### Data records
* * * *
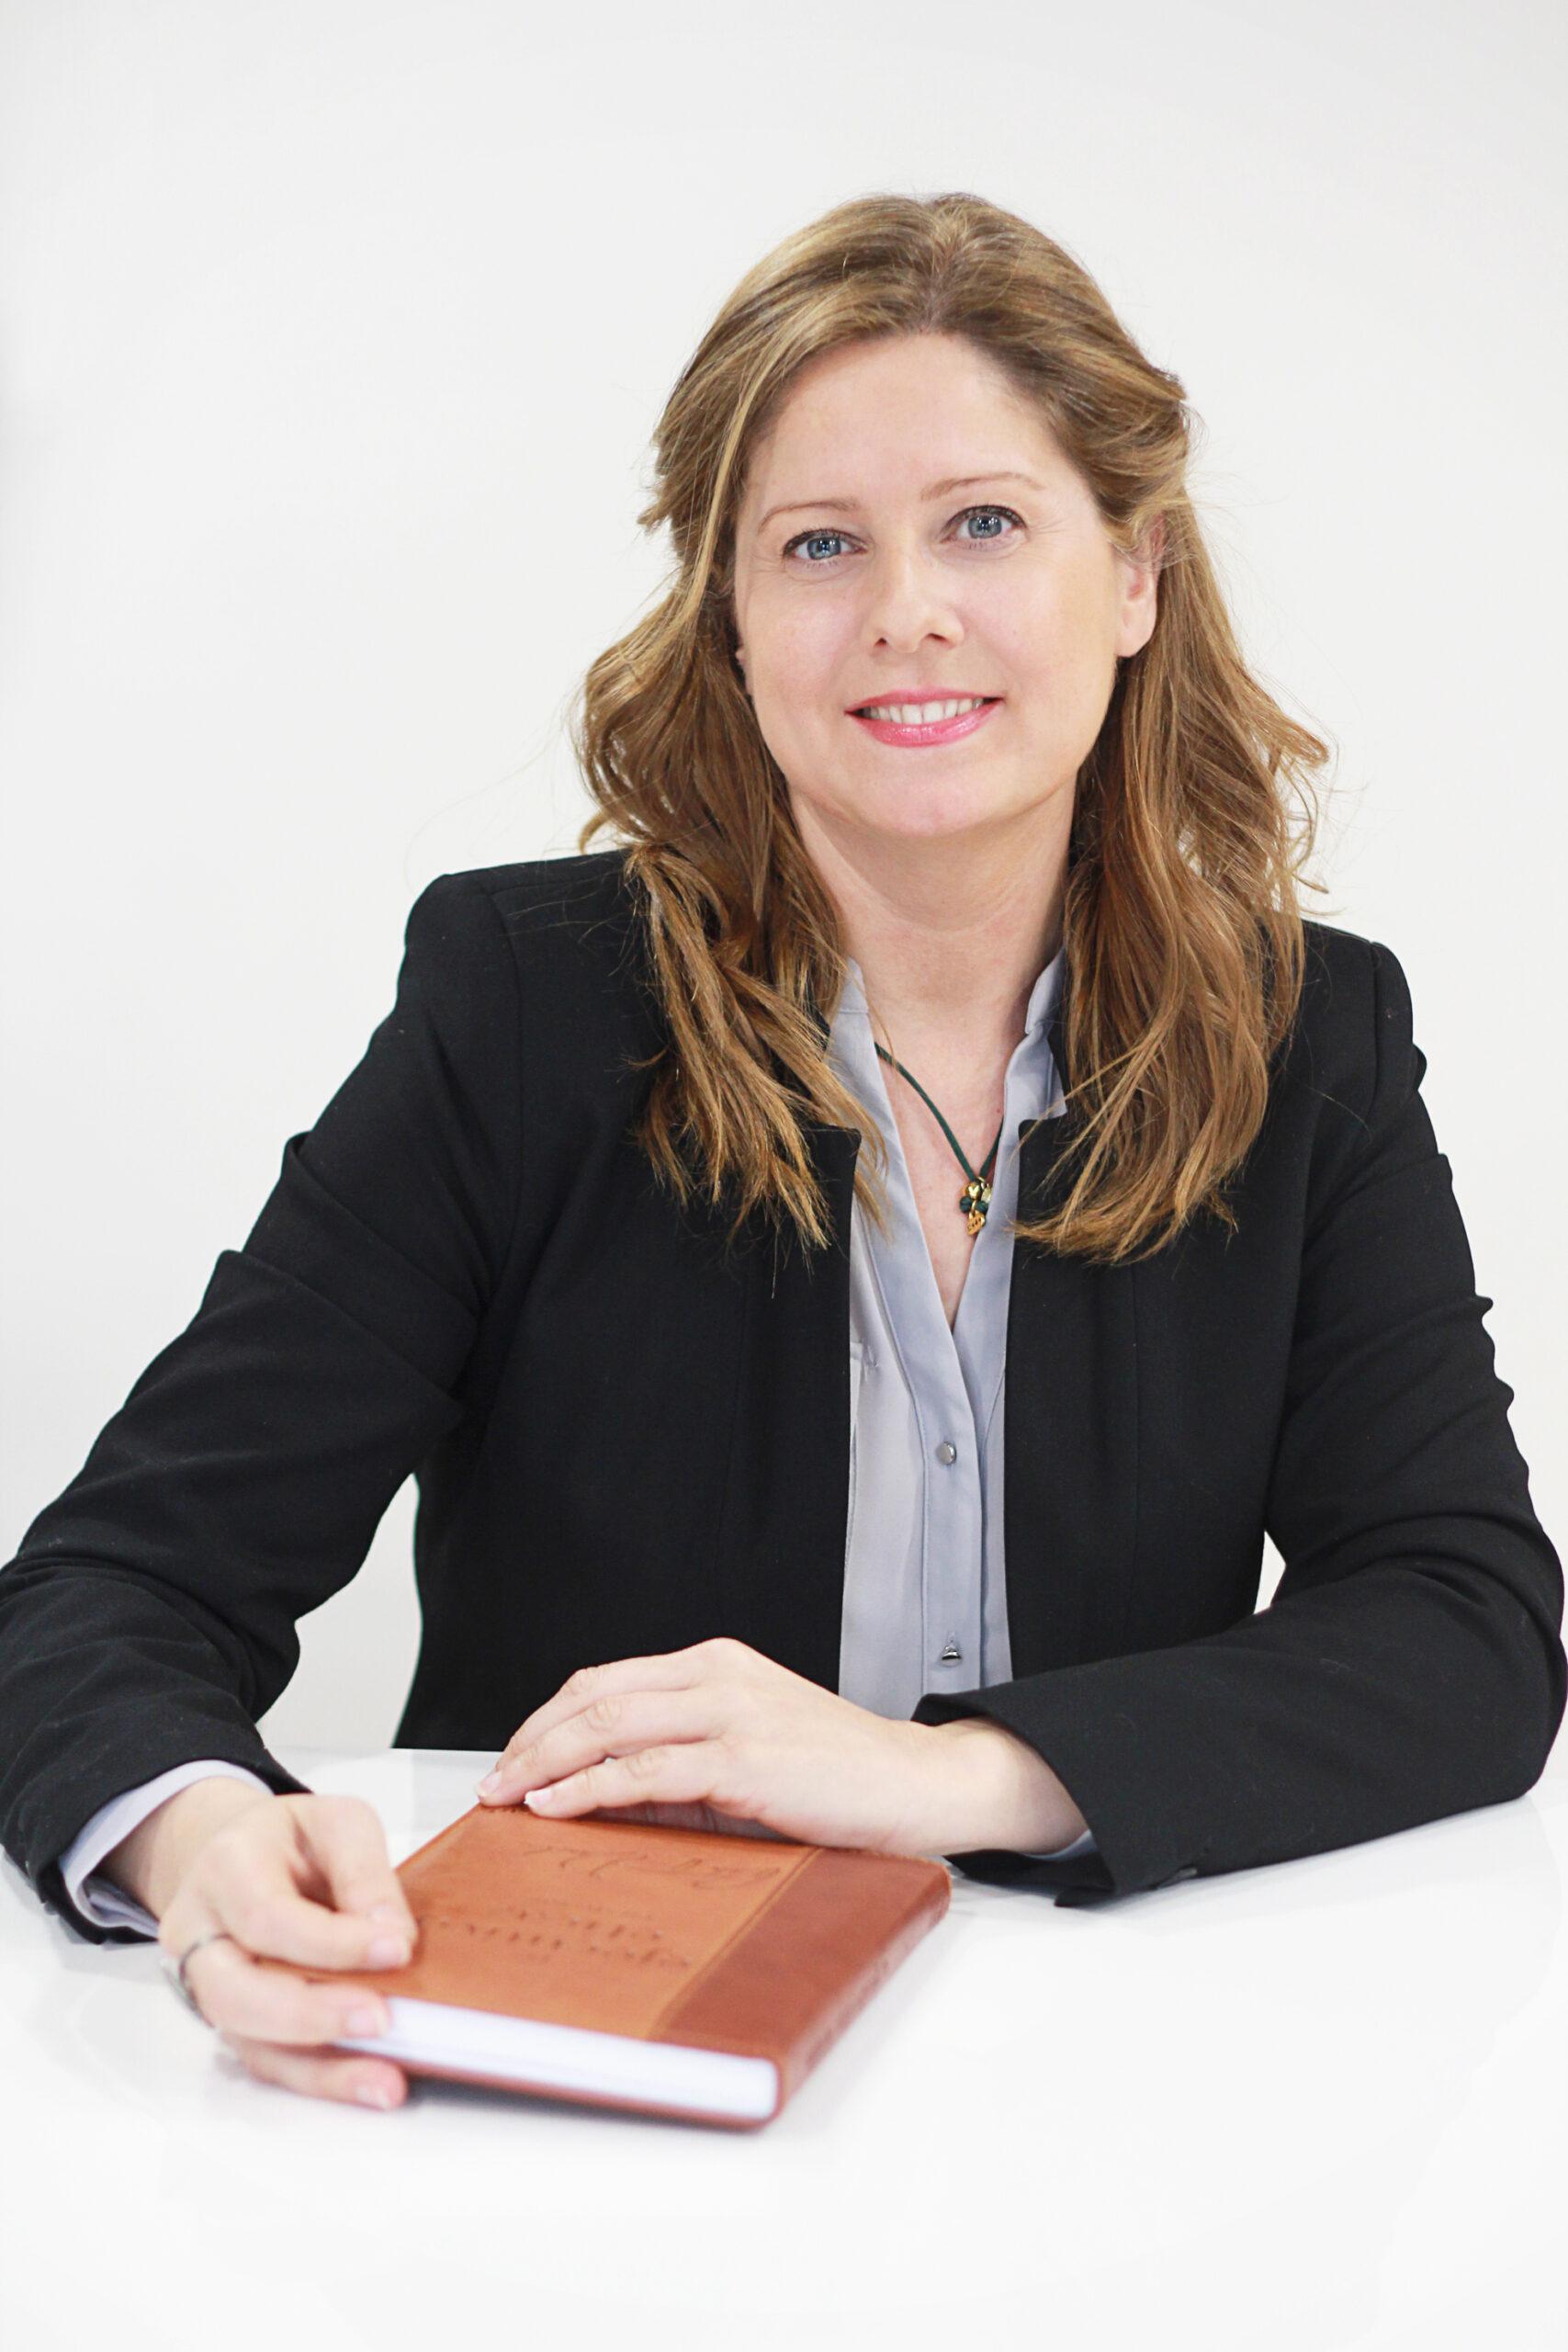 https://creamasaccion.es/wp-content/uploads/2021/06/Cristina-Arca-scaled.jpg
* * * *
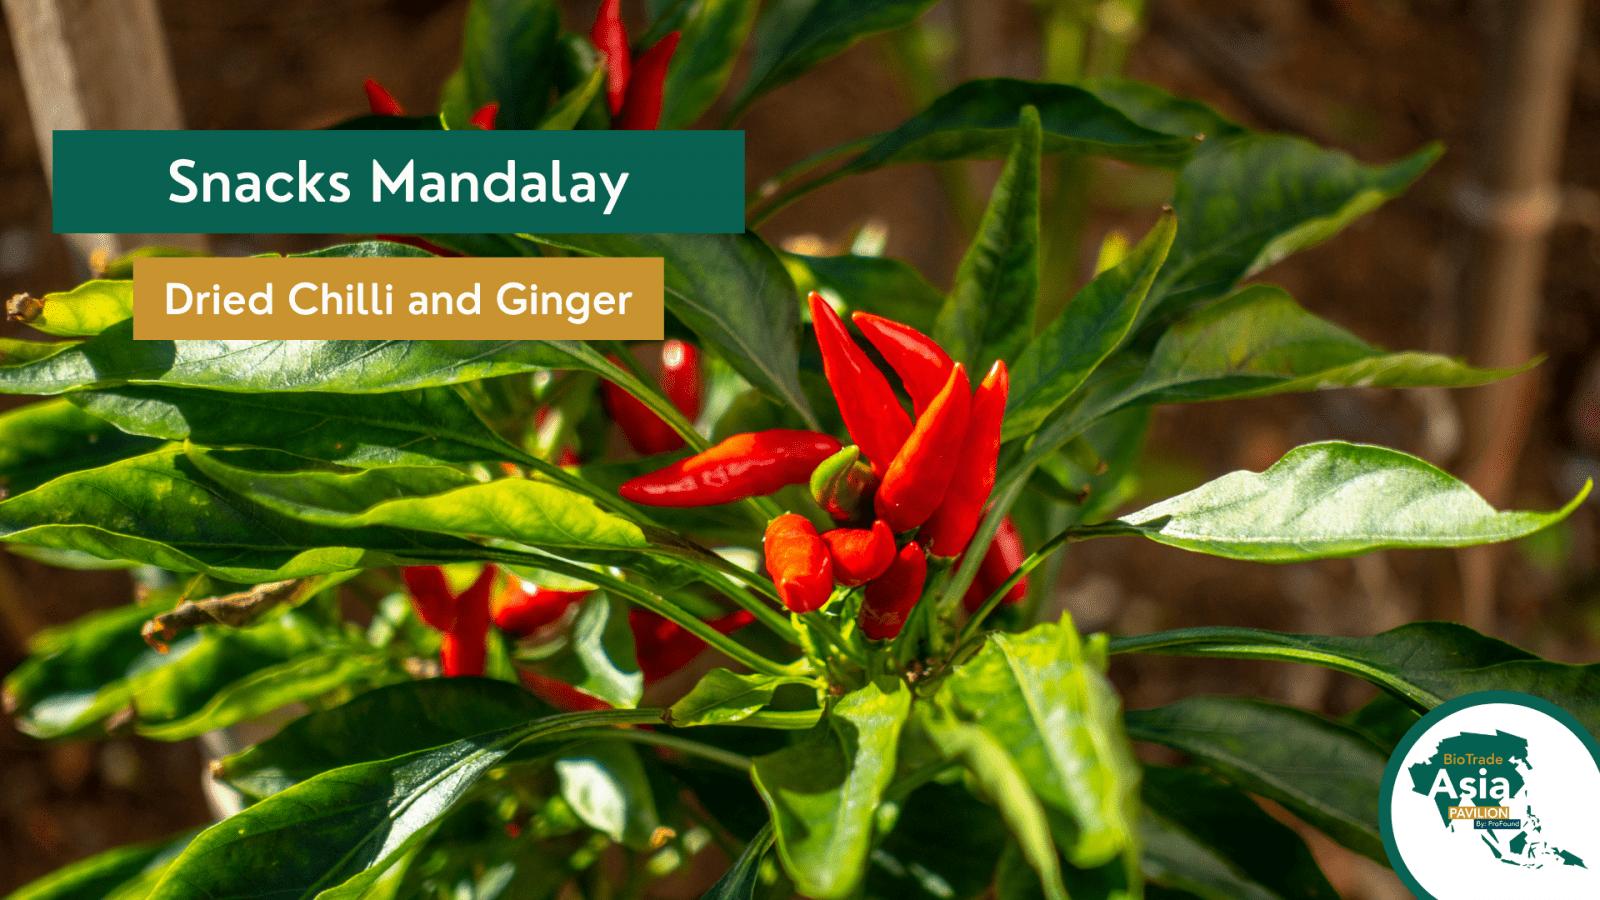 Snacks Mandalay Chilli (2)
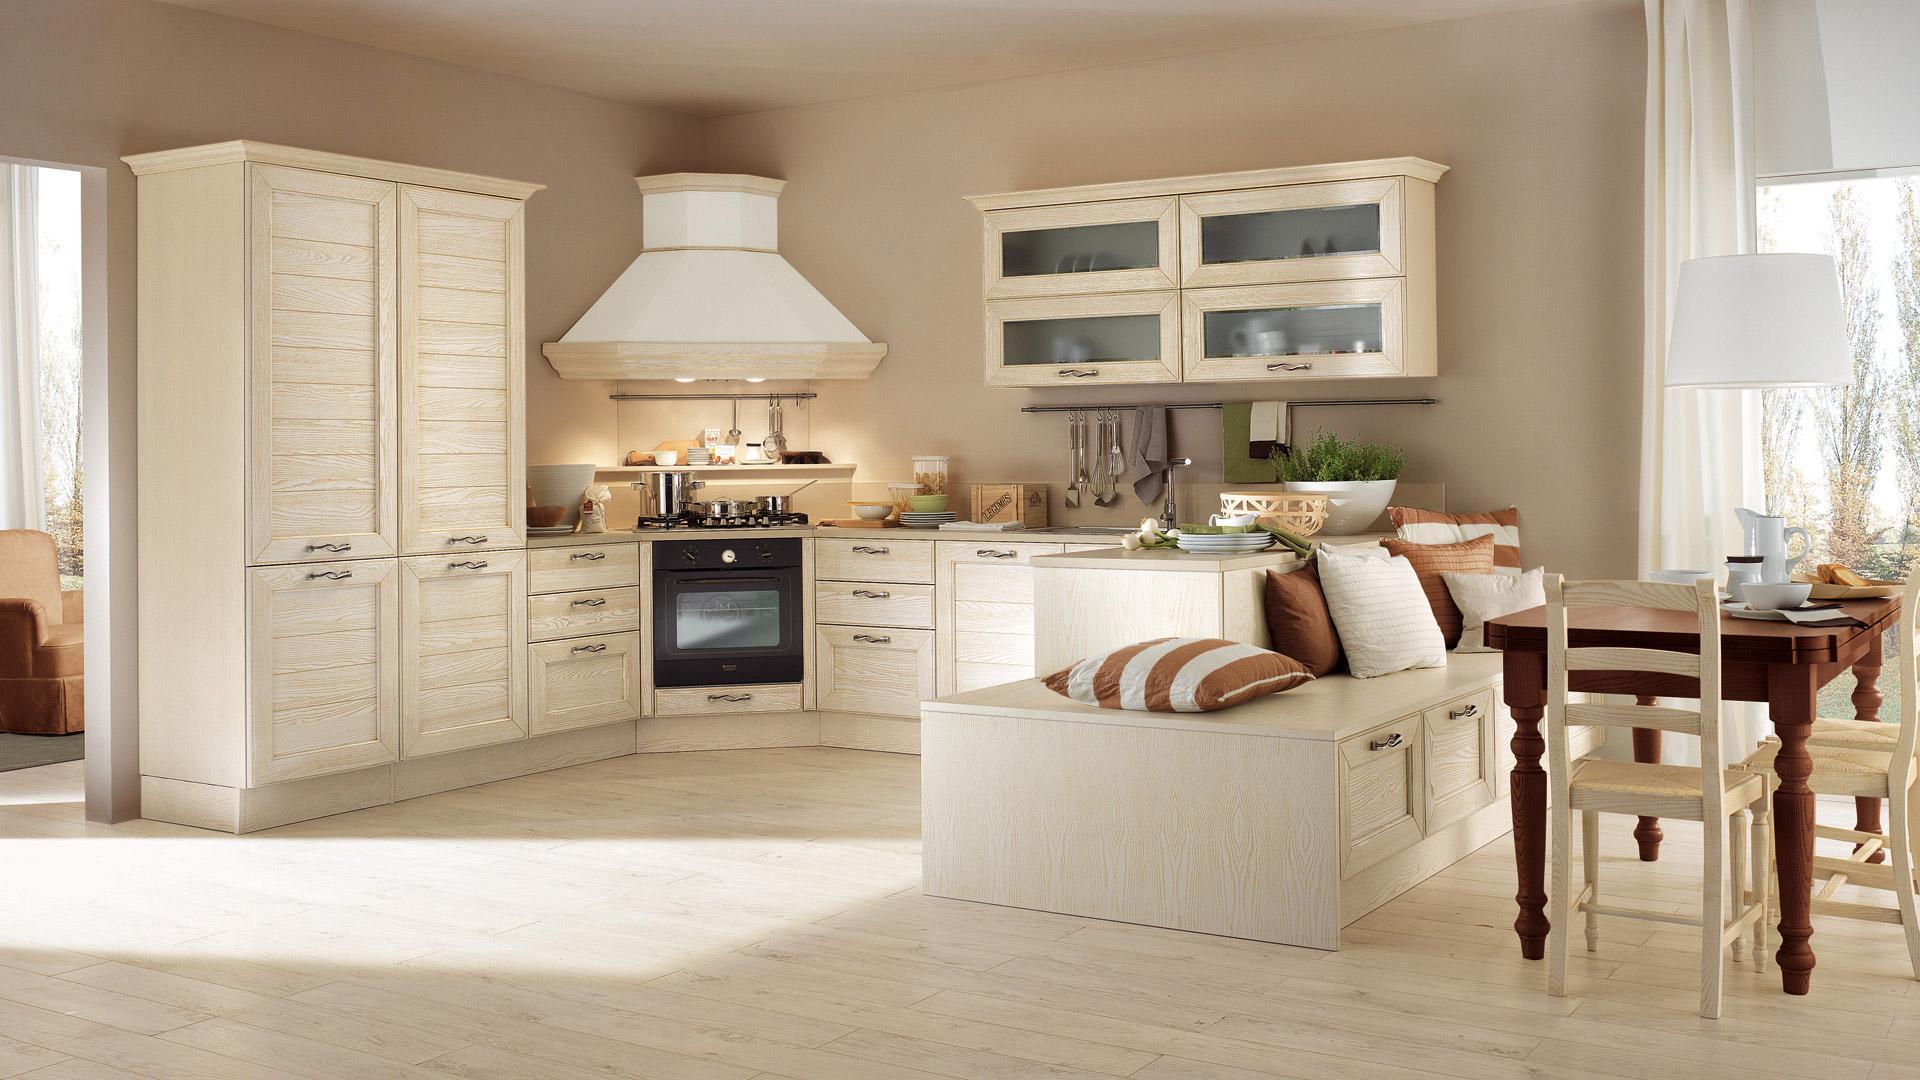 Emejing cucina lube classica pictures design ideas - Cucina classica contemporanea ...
* * * *
### Work instruction
With pictures omitted, repeat the entries above word for word from the line holding "Snacks Mandalay Chilli (2)" down to the line holding "Emejing cucina lube", keeping both of those lines.

### Result for this exercise
 Snacks Mandalay Chilli (2)
 Emejing cucina lube classica pictures design ideas - Cucina classica contemporanea ...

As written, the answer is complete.